Collection of germinal vesicle (GV) oocytes from large antral follicles in hyperstimulated mice require experiences to select antral follicles under a microscope before puncturing the follicle and retrieving of GV oocytes. This is sometimes followed by the screening of oocytes based on morphology and diameter, and usually, mouse oocytes of less than 60µm are excluded, especially when the research is not designed to study outcomes following different oocyte sizes. Shortcomings with the current technique include oocyte yield and the possibility of collecting oocytes that are not from large antral follicles. Moreover, the observed antral follicles under a microscope do not always represent the oocytes that will be ovulated. This method also results in ovarian GV oocytes with different types of chromatin configurations, cortical granule and mitochondrial distribution, transcriptional activities, and sizes [5,10,17,20].
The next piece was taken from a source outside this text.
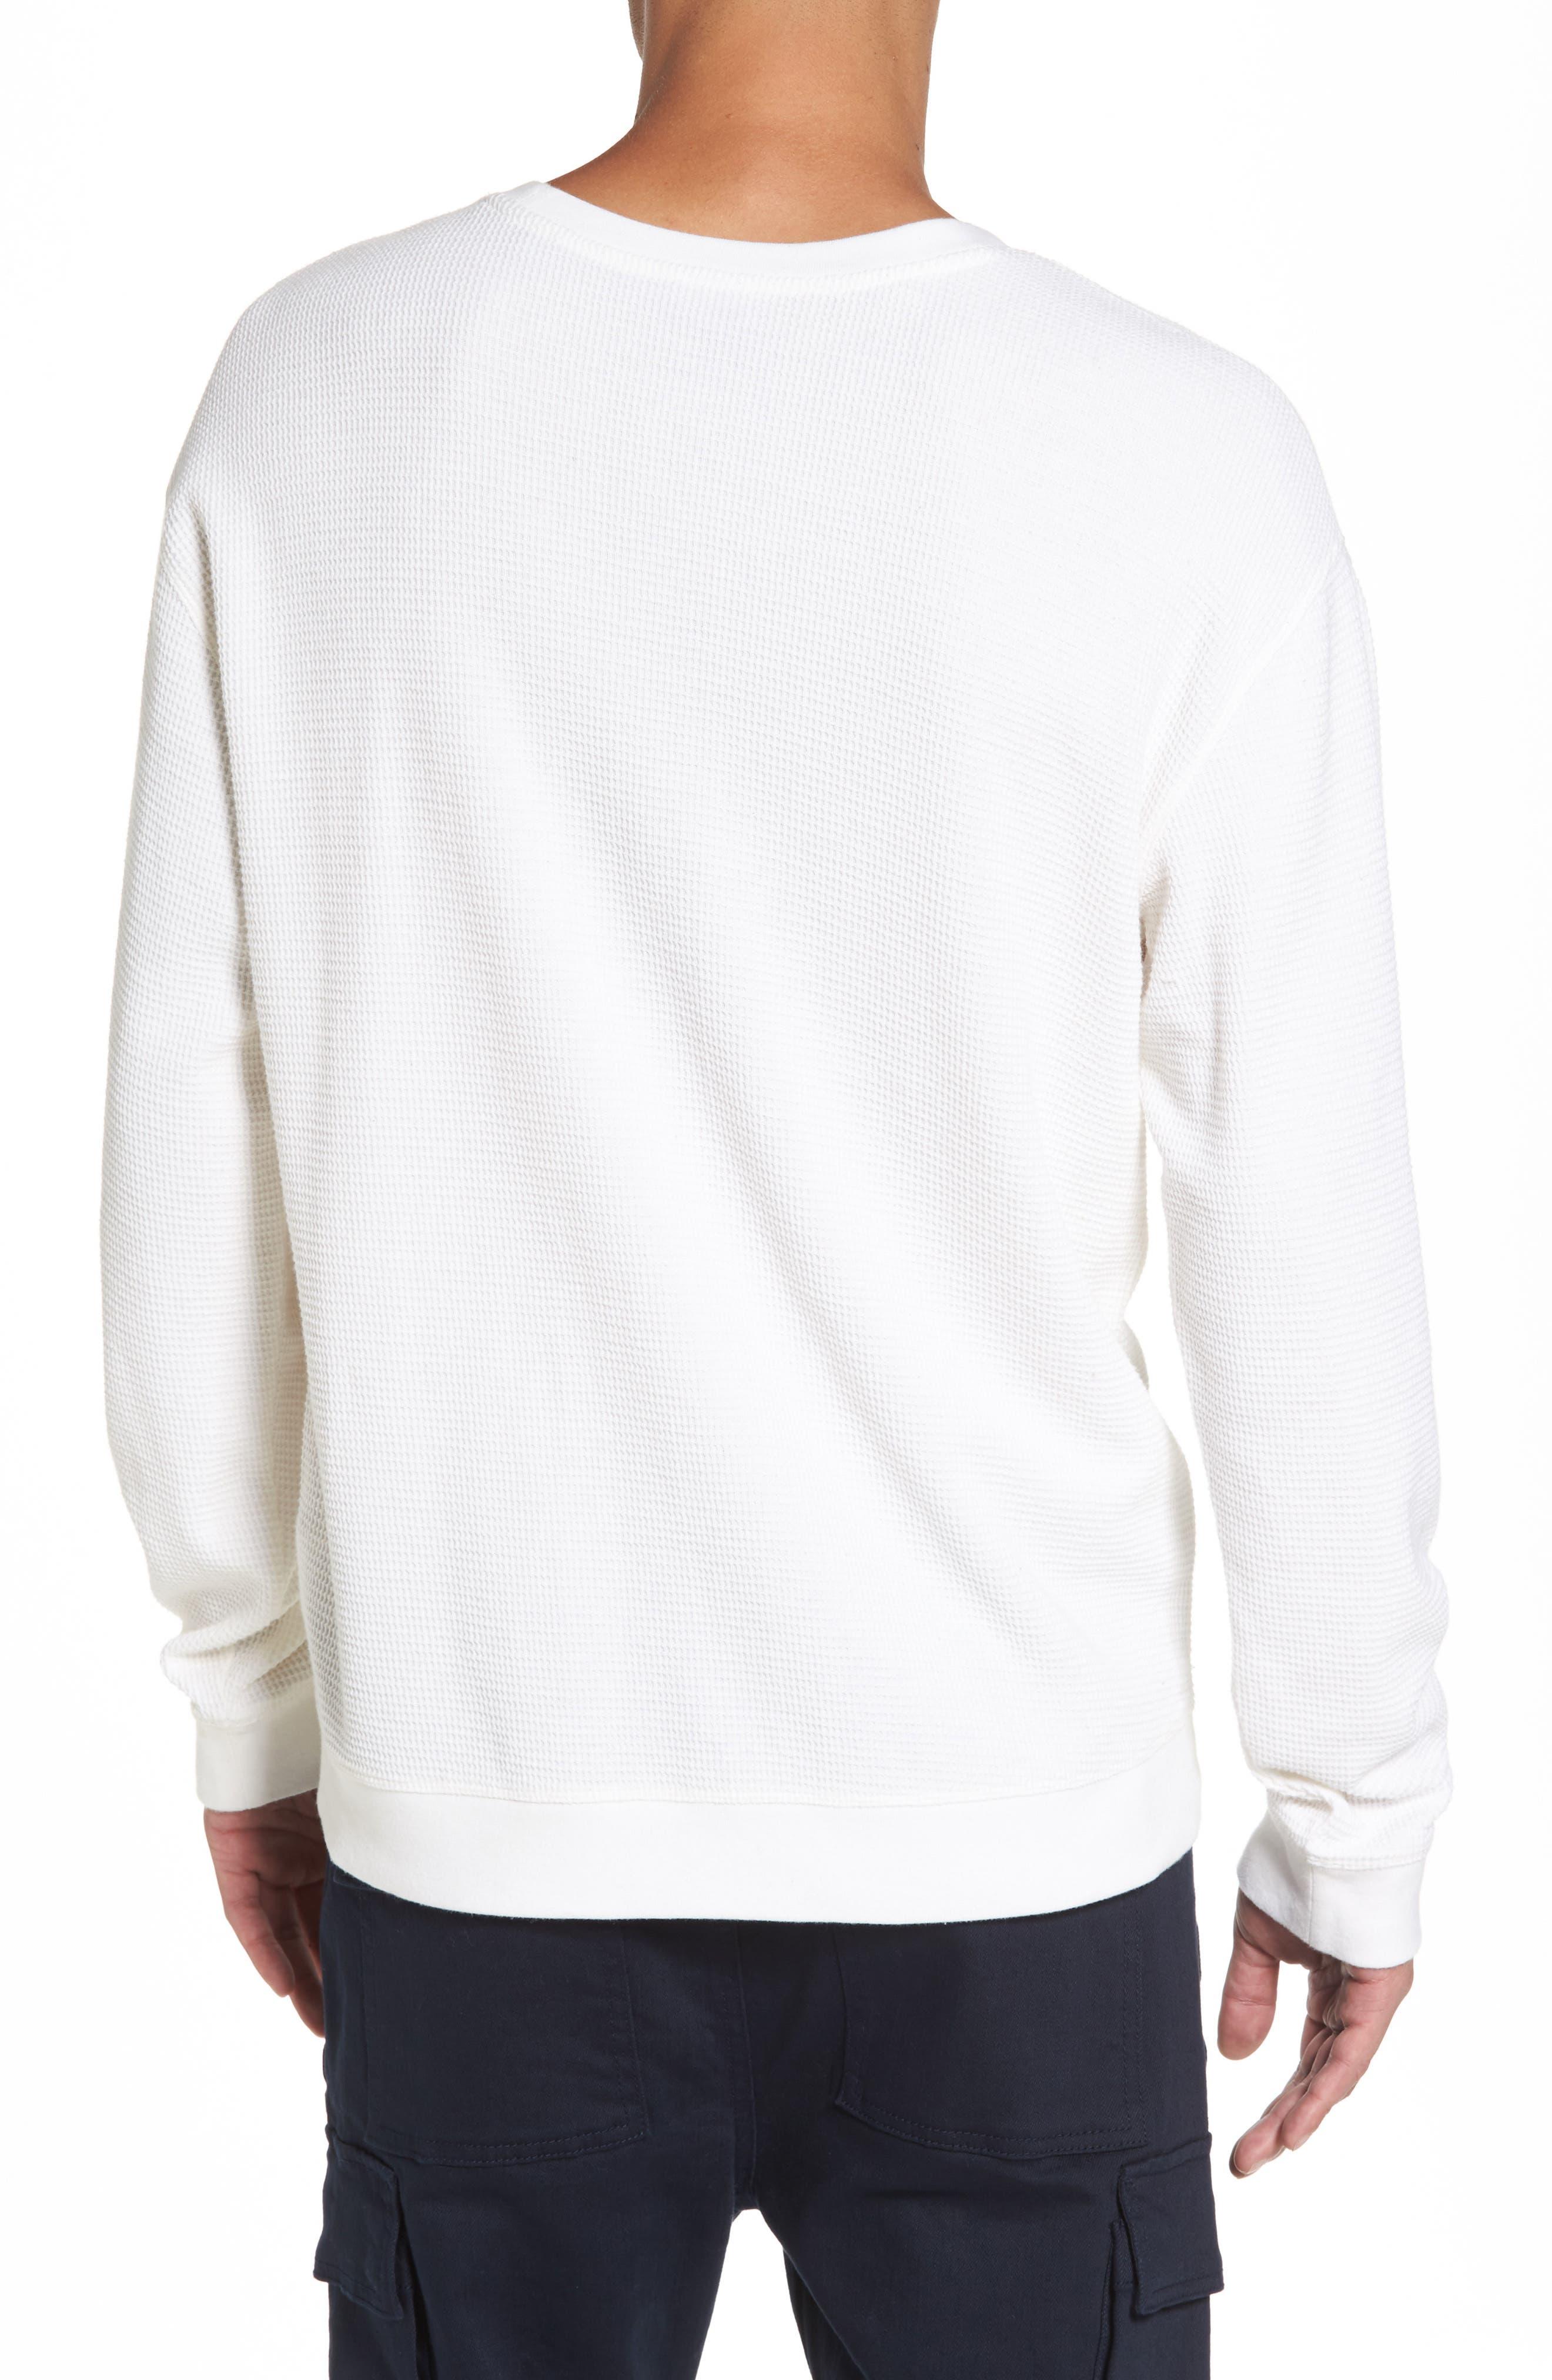 Waffle Knit Sweatshirt,                             Alternate thumbnail 2, color,                             White

Metaphase I (MI) oocytes are usually obtained via in vitro maturation (IVM) of ovarian GV oocytes or collected directly from ovaries after the administration of human chorionic gonadotropin (hCG) in superovulated mice. The rate of MI oocytes obtained from IVM of ovarian GV oocytes depends on the type of culture medium, animal species, original size of GV oocyte or follicle used, and state of cumulus cells [3,4,9,11,13]. Retrieval of MI oocytes directly from ovaries has the same limitations mentioned with the collection of ovarian GV oocytes, in addition to the need to determine the time course required for germinal vesicle breakdown (GVBD). While some investigators have reported a range of 4-9h post-ovulatory stimulus for GVBD to occur, others have reported times shorter than 3h for GVBD to occur depending on the mouse strain [[2], [6], [7], [8]].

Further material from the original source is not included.